A faithful copy of the listing below is needed, with its pictures left out.

++++ RECORD SET

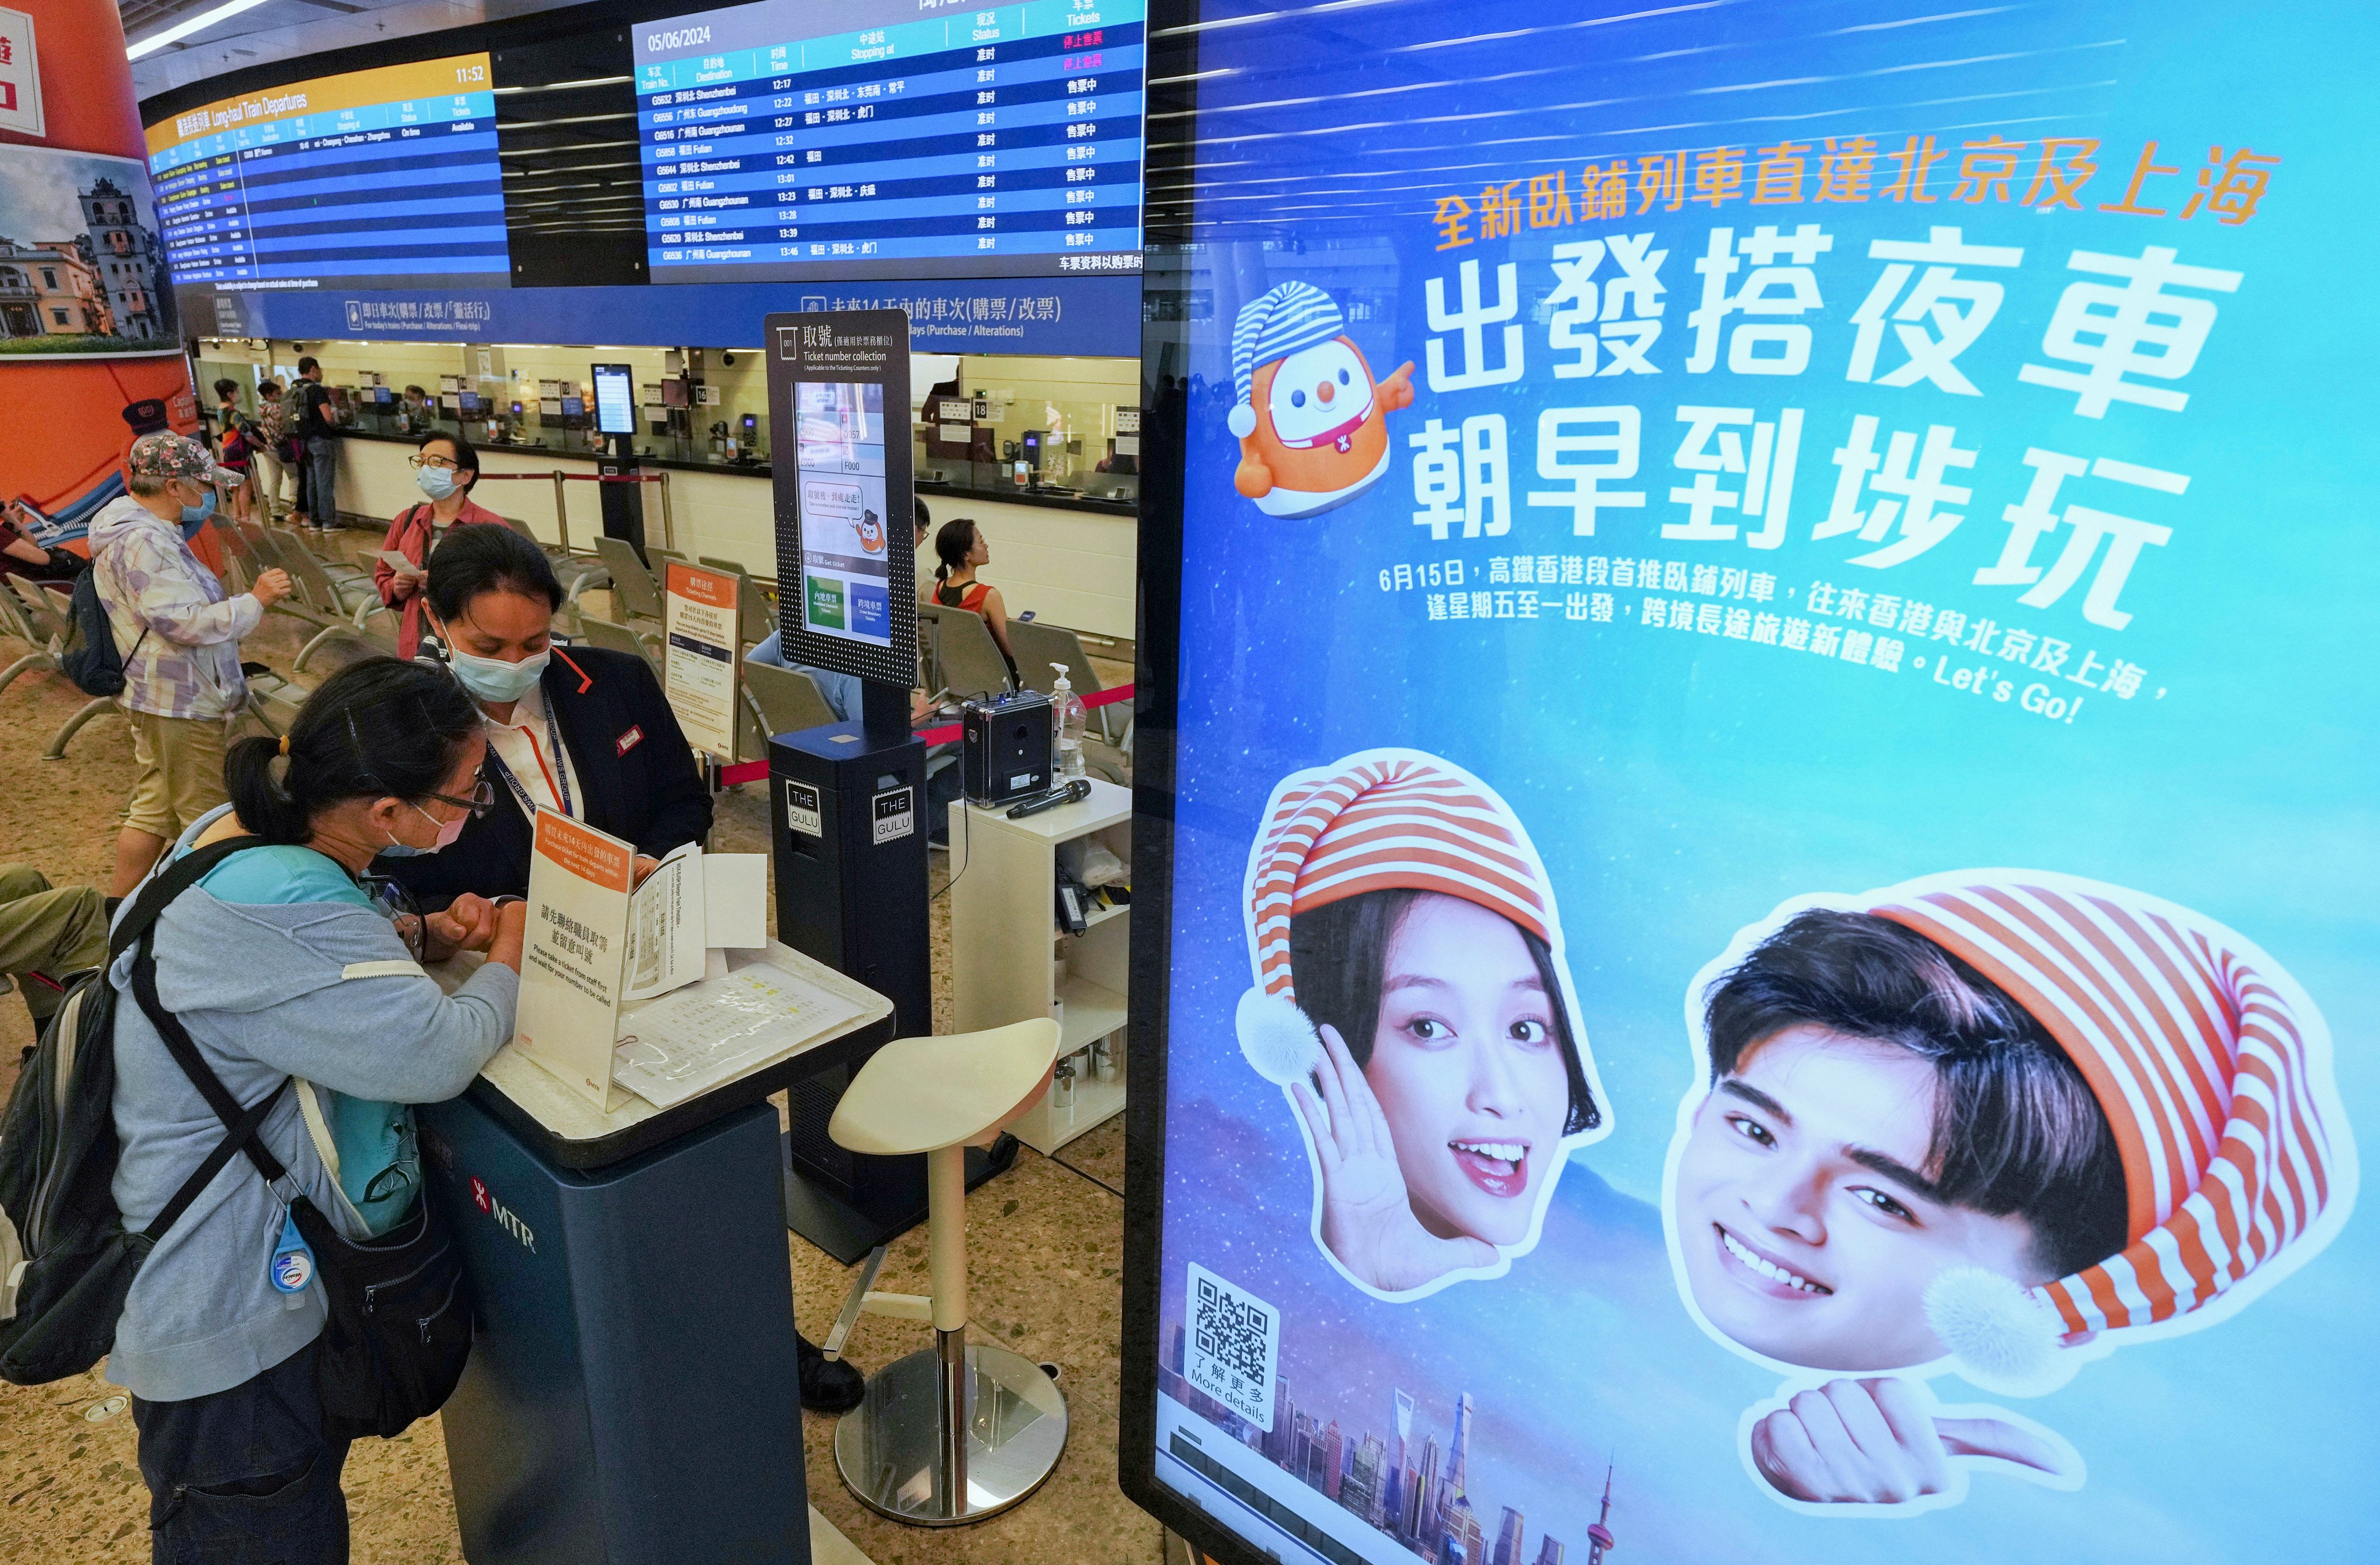 Customers at West Kowloon station looking to buy tickets for the newly launched high-speed sleeper trains connecting to Shanghai and Beijing. Photo: Elson Li
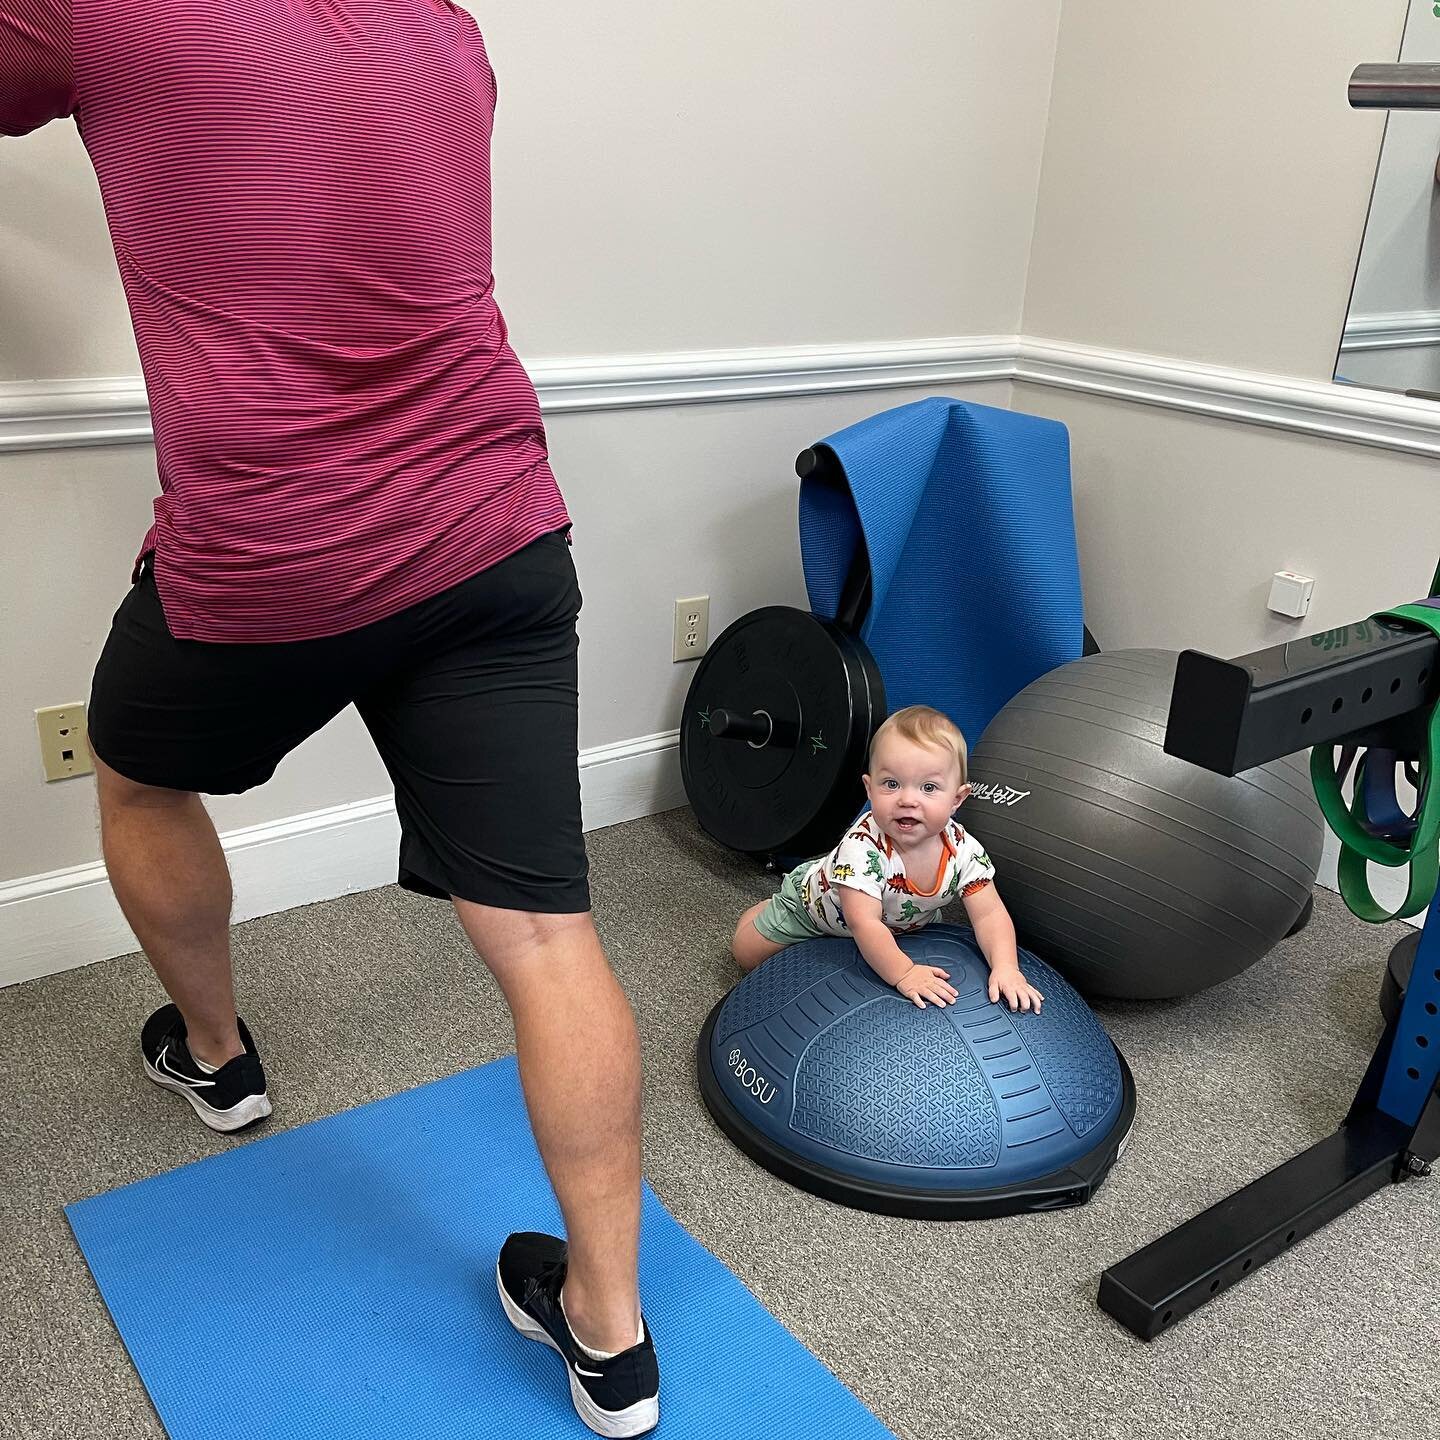 👶🏻 START THEM YOUNG &amp; SET THE EXAMPLE! 

We love to see our kids in the office‼️

#movementeveryday 

#movement

#chiropractic 

If your struggling with pain, injury or just curious, visit @movementspineandsport 

We provide active people sidel

++++++++

*SOLUTION FOR THIS TASK*:
 Customers at West Kowloon station looking to buy tickets for the newly launched high-speed sleeper trains connecting to Shanghai and Beijing. Photo: Elson Li
 👶🏻 START THEM YOUNG &amp; SET THE EXAMPLE! 

We love to see our kids in the office‼️

#movementeveryday 

#movement

#chiropractic 

If your struggling with pain, injury or just curious, visit @movementspineandsport 

We provide active people sidel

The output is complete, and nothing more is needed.